-- Opening Marker --
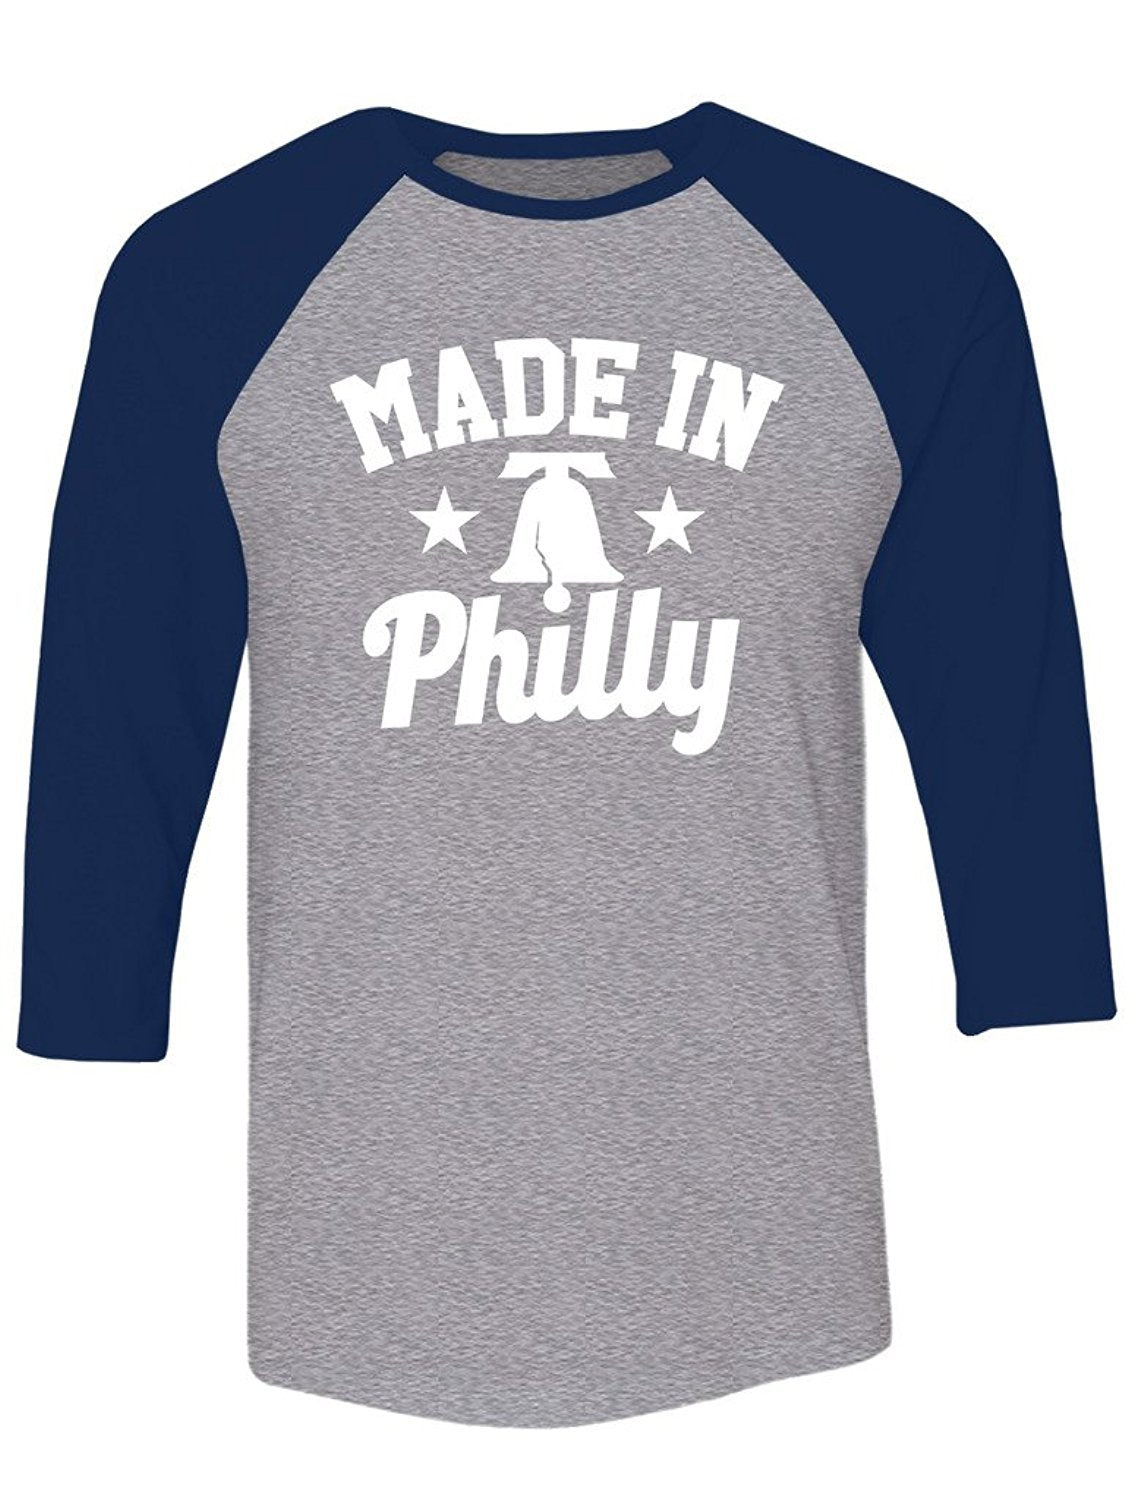 Manateez Unisex Raglan USA Made In Philly Liberty Bell Tee Shirt
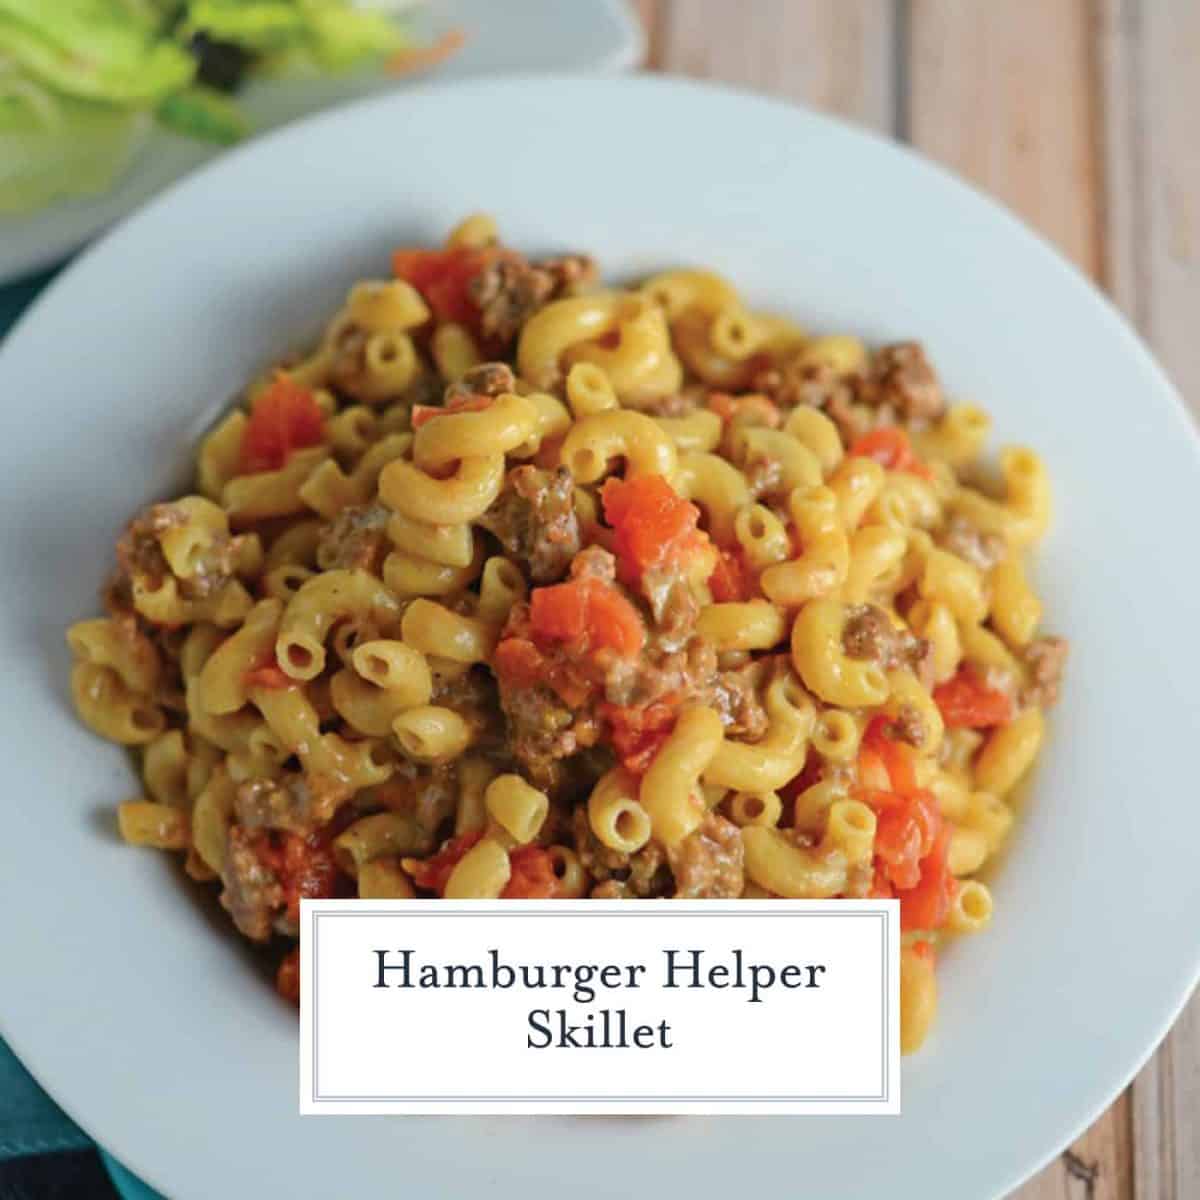 Hamburger Helper Skillet - A Cheesy One-Dish Meal
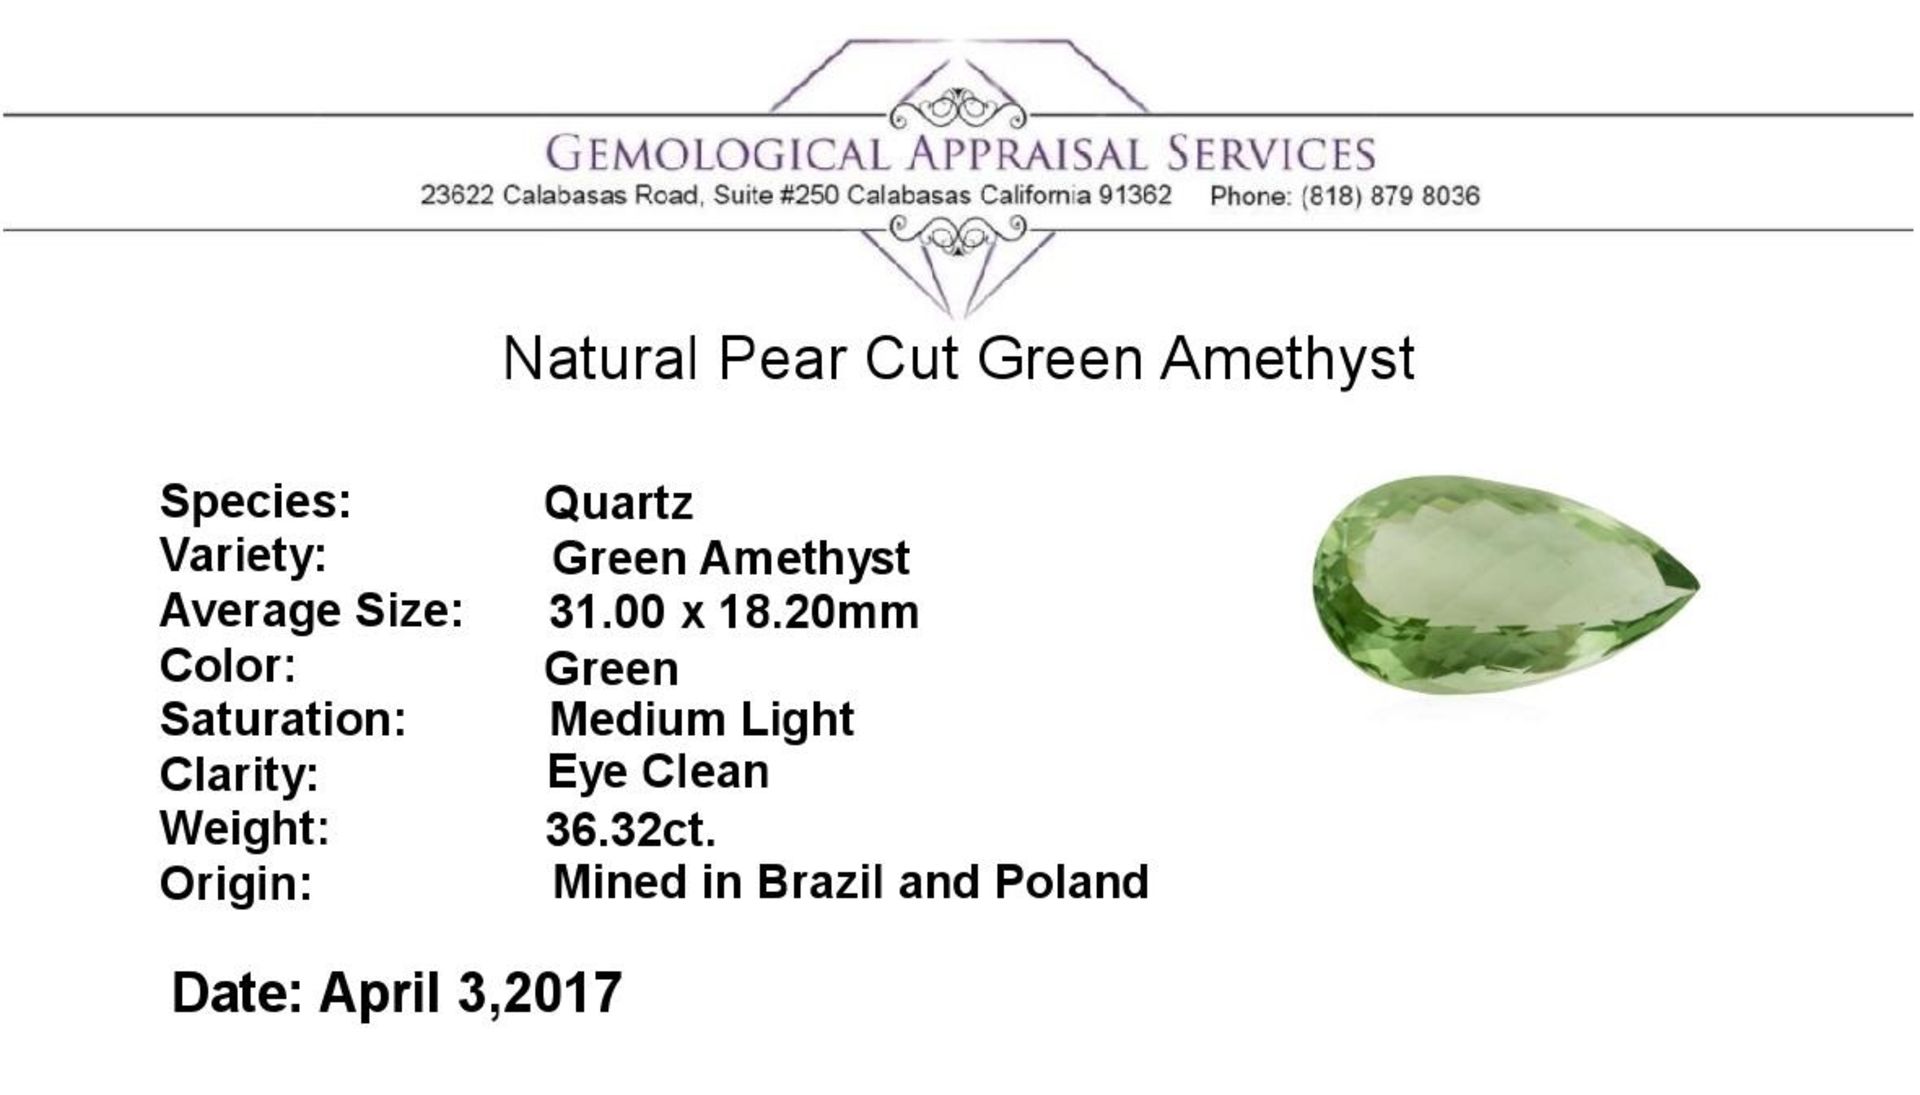 36.32 ct. Natural Pear Cut Green Amethyst - Image 3 of 3
-- Closing Marker --
### Exercise prompt:
An exact transcript is required, covering the lines from the one containing "Hamburger Helper Skillet" through the end of the listing above, inclusive, without pictures.

### Answer to this exercise:
 Hamburger Helper Skillet - A Cheesy One-Dish Meal
 36.32 ct. Natural Pear Cut Green Amethyst - Image 3 of 3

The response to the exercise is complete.